Criticism of Ratings
Officials of some Christian groups given low ratings pointed to some factors affecting their financial data that Wall Watchers failed to take into account.
Jim Barr, controller of the Christian Broadcasting Network, in Virginia Beach, Va., said that for the past several years his organization has spent more annually than it received in revenue. The reason, Mr. Barr said, is that the network had received a “financial windfall” when its founder, Pat Robertson, sold International Family Entertainment — the parent company of the Family Channel cable TV station — to the media magnate Rupert Murdoch in 1997. CBN received $136-million from the sale.

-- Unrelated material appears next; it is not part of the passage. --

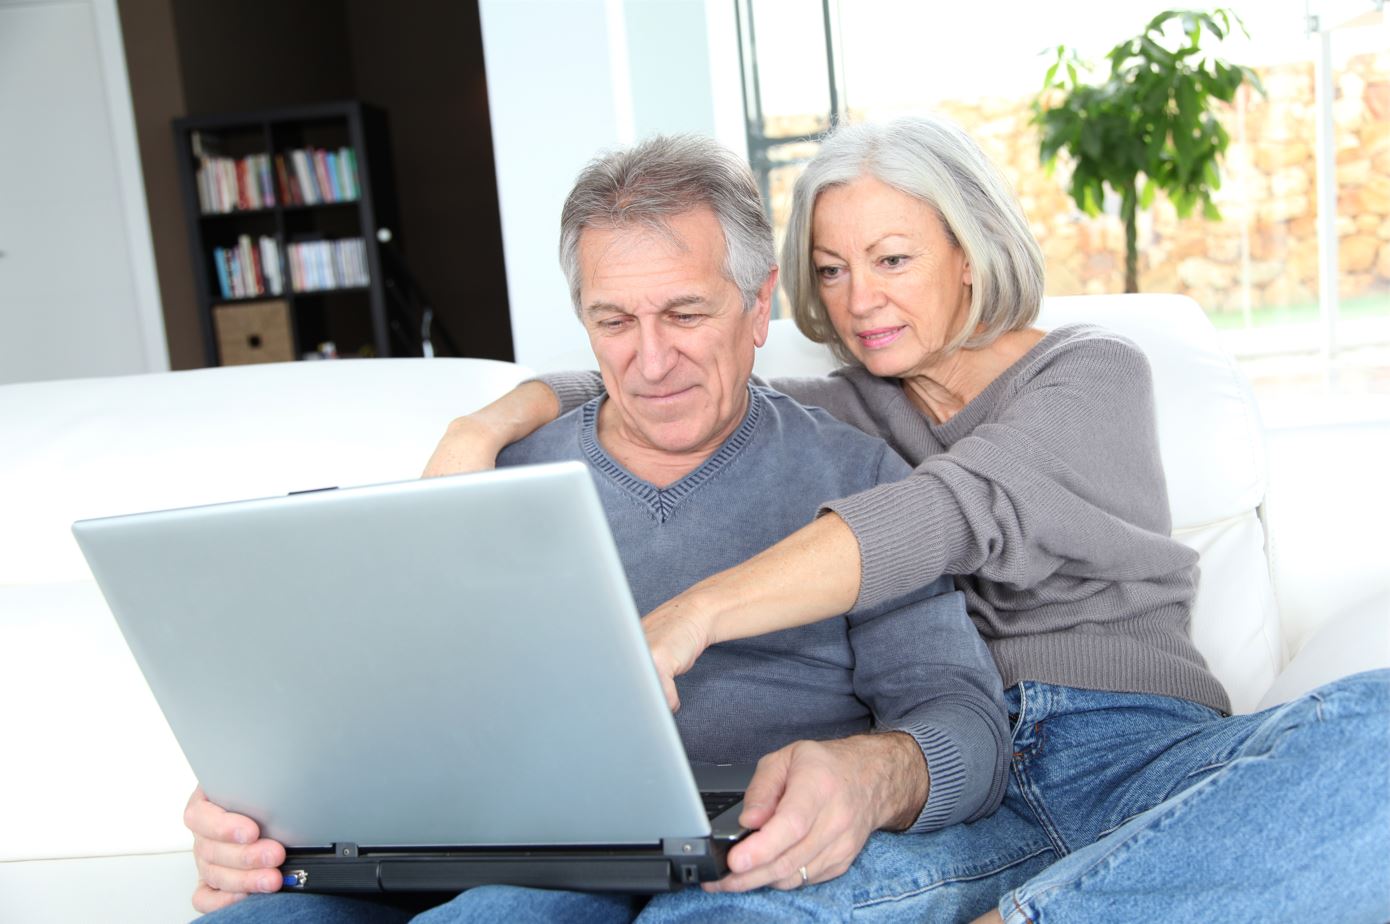 Senior couple surfing on internet at home

“Our donors don’t expect us to hold onto that money in perpetuity,” said Mr. Barr. Instead, the organization has been spending the money to fulfill its evangelical mission, he said. But when that spending is plugged into the Ministry Watch formulas, it lowers the network’s score, which is partially responsible for CBN receiving a two-star rating.
The American Bible Society, in New York, received only one star. Patrick English, acting chief financial officer of the group, which distributes Bibles around the world, said he disagreed with several of the Wall Watchers rating methods. He declined to discuss his criticisms, however, saying he prefers to talk with the rating group privately. Mr. English said he has met with the group in the past, and praised its goals, but added, “They need to go back and rethink their methods.”
Mr. English did, however, point out that Wall Watchers did not account for the fact that the Bible society’s operating budget is paid for almost entirely from returns on its investments. Nearly 100 percent of any donations it receives is spent on its programs.
Mr. Long said Wall Watchers wants to hear any criticisms of its methods and is eager to discuss adjustments to them. The group plans to add several sections to the MinistryWatch site, including a “transparency grade” that will assess how open a charity is about providing financial information; an area for Wall Watchers analysts to provide comments based on more in-depth research into a charity’s operation; and a place for the charity to publish its response to a rating.
“We’re very open to working on this,” Mr. Long said. “We don’t think it’s an end. It’s a work in progress.”